Identifiers and Relationships
Identifiers (identifiers) are any identifiers applied to records. These identifiers may allow tracking records (as in the case of collector numbers), reference other resources (e.g., GenBank numbers), or form relationships among specimens (such as hosts of parasites).
Background
Arctos is built on the premise that each catalog record will gather all the information known about the object or record, especially resolvable, unique links to external and online resources. The Extended Specimen Network is one way to describe the Arctos implementation of Linked Open Data principles (LOD) of machine-readable interlinkages across the internet. Identifiers and relationships between records are the working blocks of LOD.

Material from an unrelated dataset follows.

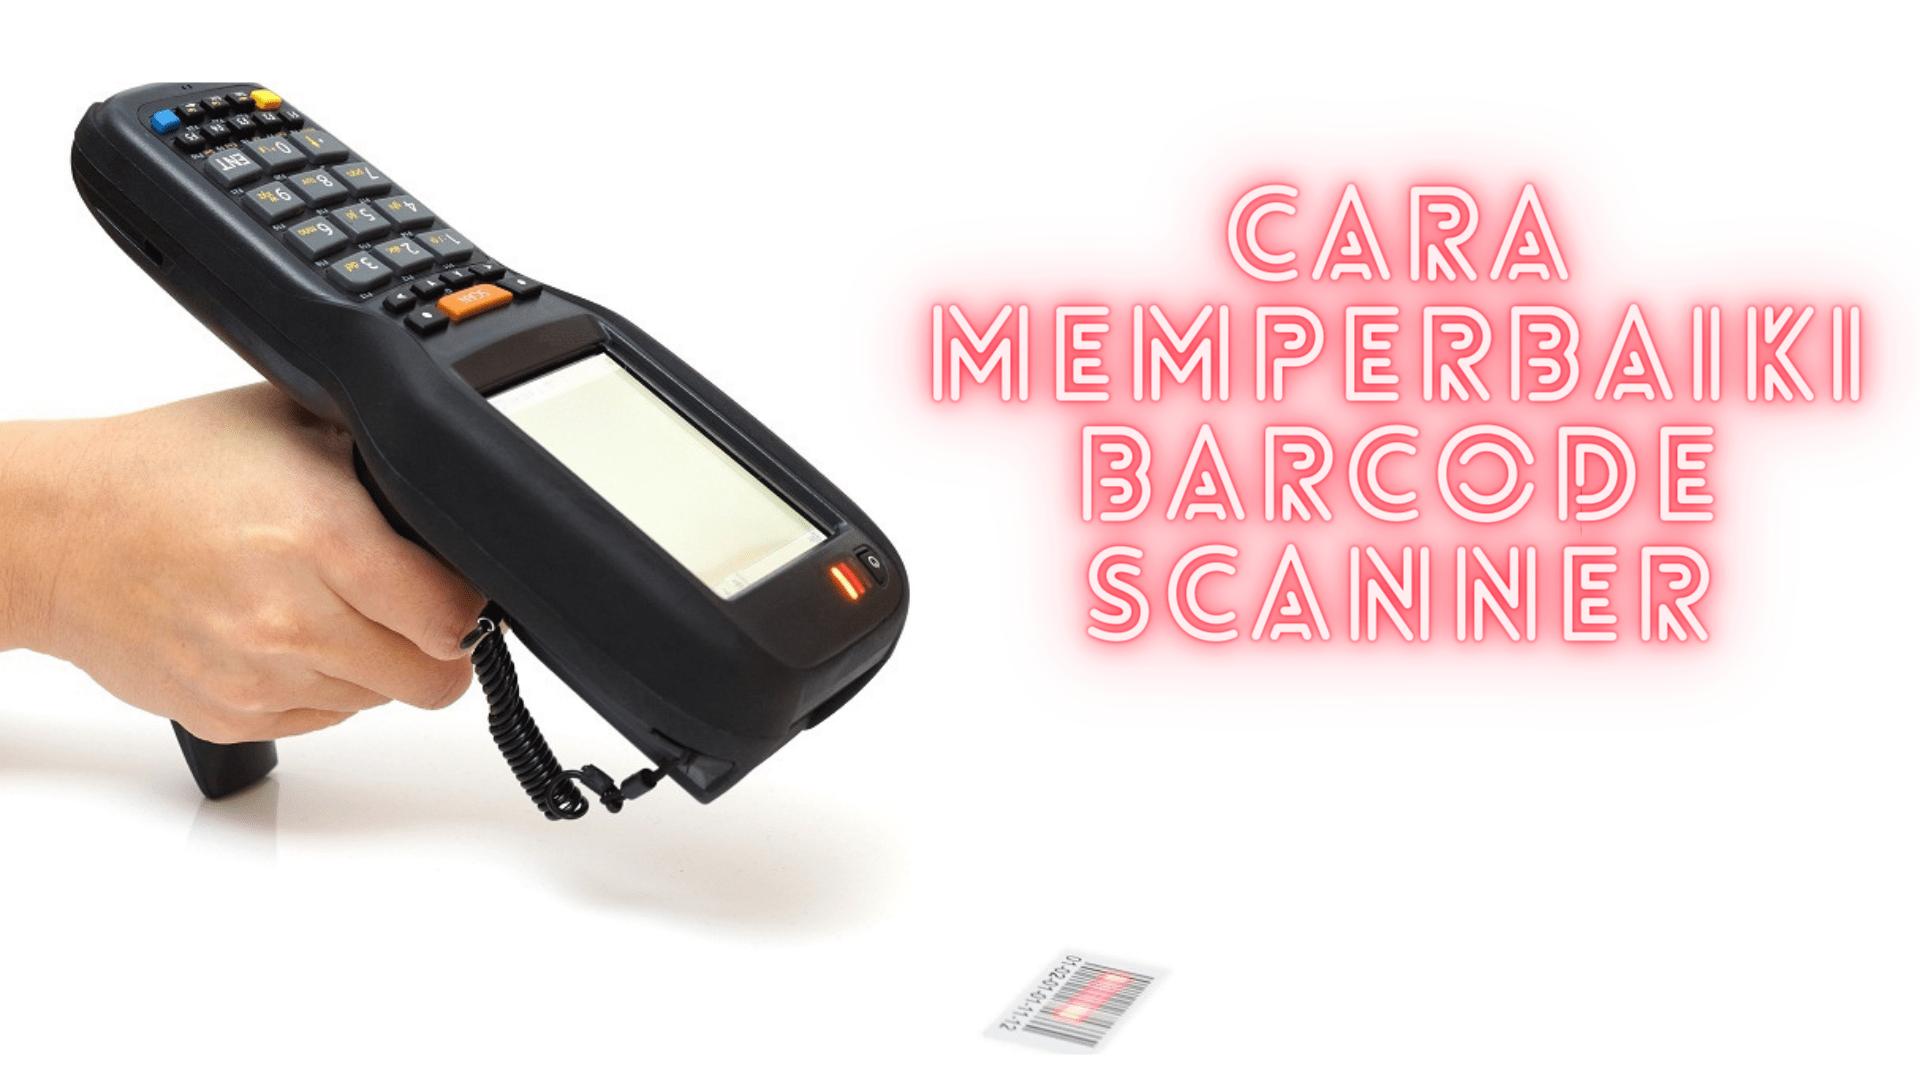 Cara Memperbaiki Scanner Barcode

Arctos originally created identifiers from a paired identifier type and value. This worked reasonably well for short periods of time and small numbers of well-defined identifiers. However, over time and with increased users, cryptic references to people (the “ABC” in ‘ABC 123’) become lost or ambiguous. Less-precise identifiers create the possibility that several unrelated series are mixed under a type.
Agent-Based Identifiers
Arctos Agents are entities that perform or represent an action or activity, which may refer to a person, an organization, an institutional catalog, etc. Many “traditional” identifiers clearly reference Agents, just in ambiguous and nonpersistent ways. Arctos has made this connection explicit; all identifier values may now be “issued by” an Agent whether a person, organization or other discoverable entity.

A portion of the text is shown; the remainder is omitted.